The Kericho Cathedral is located in Kenya, approximately 250km North-West of Nairobi. It lies within the Highlands, west of the Great Rift Valley, enjoying magnificent views across tea plantations and surrounding hills.
Designed by UK based John McAslan + Partners in collaboration with Kenyan Triad Architects, the cathedral offers a unique form and aesthetic with a functional capacity of 1200+ congregants covering an area of about 1375 sq m.
Buildability and the use of available local resources were key drivers for Kericho Cathedral. The building’s simple palette of natural materials honours the Faith and frugality of this rural African community. The practice has been committed to the involvement of skilled artisan trades and the improvement of local skills throughout the construction period. With the exception of the glass sheets used by the stained-glass artist, all the materials, including the Cypress timber (grown in Kericho), which was used for the ceiling, doors and furniture, and the clay tiles in the roof, were locally resourced and fabricated.
Another key design objective was to create a naturally lit and ventilated building without heating or cooling. The intention was to achieve a low energy, more sustainable building, and thanks to the climate in Kericho being reasonably benign, the idea of a completely passive building with no heating or cooling was realistic.
The Cathedral’s peculiar ascending inclined roof was carefully engineered to aid in achieving the aim of natural ventilation as well as an acoustically moderate environment. It features a permanently open roof vent, which helps to avoid over-heating in hot weather and over-cooling in cold weather.
A line of glass along the roof’s spine provides illumination overhead, which at certain times of day creates striking patterns in the aisle and near the altar from direct sunlight. A coating applied to the roof-light reduces solar transmission to around 50%. The ceiling was constructed from finger-jointed Cypress timber slats, designed to accommodate the high range of humidity of the local environment.
The design of the roof fuses African and ecclesiastically historic references- the stone plinth, simply articulated, arched concrete frames and timber-ribbed vaulting are exposed in a strikingly crafted and honest manner.

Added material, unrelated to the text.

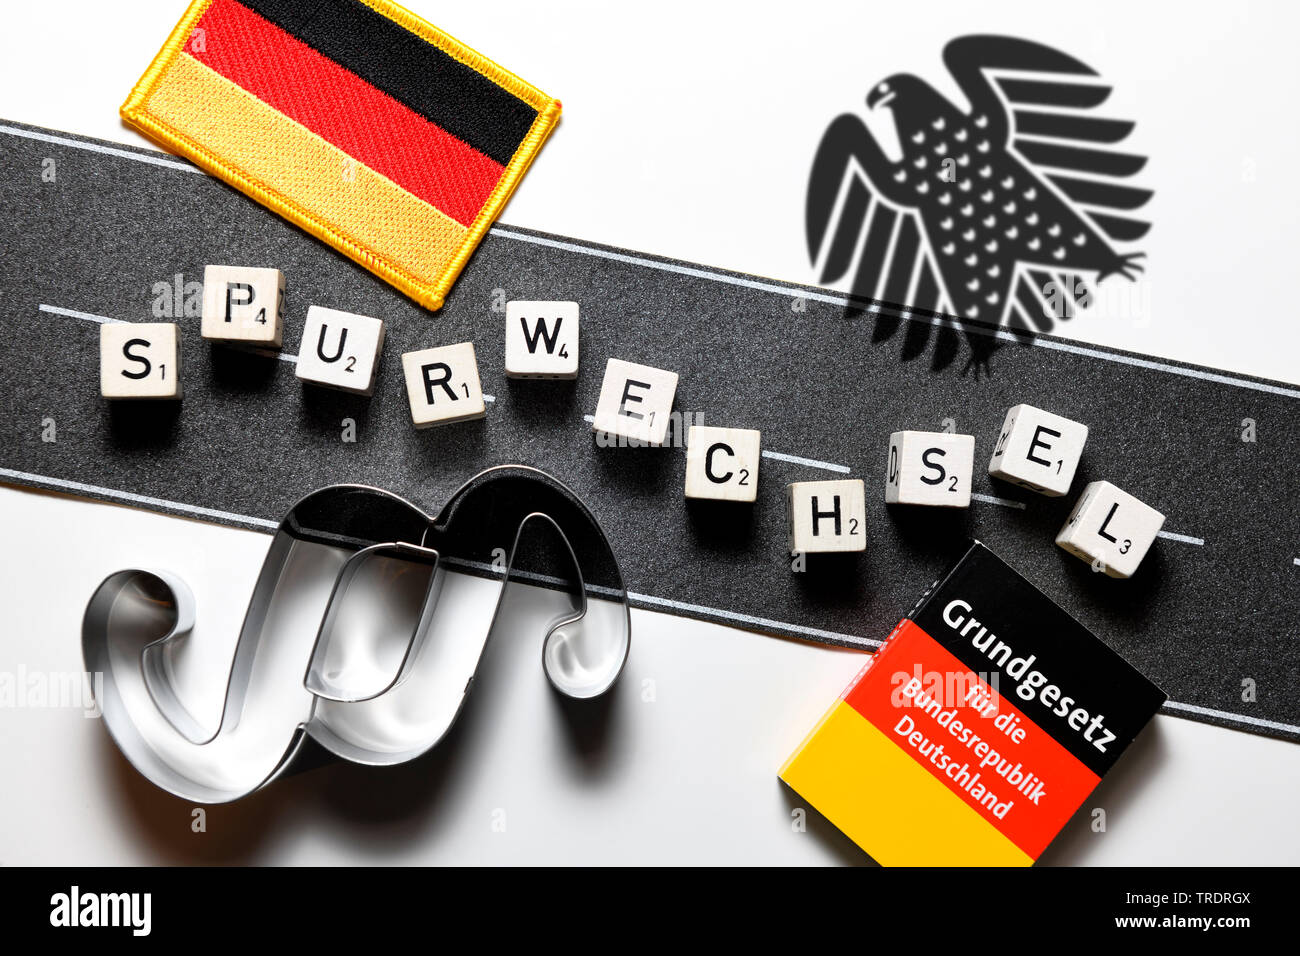 das Wort Spurwechsel gelegt mit Wuerfel, Asylpolitik, Deutschland | lane change, Spurwechsel, asyl, Germany | BLWS509470.jpg [ (c) blickwinkel/McPHOTO - Stock Image

The complex geometry of the building was accommodated by an in-situ construction method specific to Kenya. The size of each structural frame required a complex pouring system for the concrete. The building’s cladding material was carefully selected as washed terrazzo, known for its self-cleaning attributes and was applied by hand. Hand-dressed Nairobi blue stone was used to clad the podium fixed by local masons while the flooring was also laid using machine-cut Nairobi Blue stone. The granite used for the sanctuary was sourced from Kenya, and the soap stone used for the statues was sourced from the town of Kisii, located south of Kericho.
The average precipitation in the Kericho County area is around 1800 mm per year, and this considerable volume of water can accumulate very quickly with sudden and prolonged bursts of rain. The landscaping – with terracing, drainage channels and soakaways – is specifically designed to mitigate this potential problem. At times of high rainfall, water can be collected from hard standing areas and the roof and stored below ground, subsequently released into the landscape at a controlled rate. The terraces form part of the storm water drainage system, directing water into the joints between the stone channels. The capture and storage of precipitation is used in drier times as a source of irrigation water.
Multiple access points along both sides of the building allow for easy and seamless egress from inside to outdoor landscaped terraces and gardens. The aspiration was to create a structure that integrated seamlessly with its landscape setting, in both aesthetic and functional terms. The Cathedral’s tiled-roof is now a distinctive form in the rolling panorama of Kericho’s hills and valleys.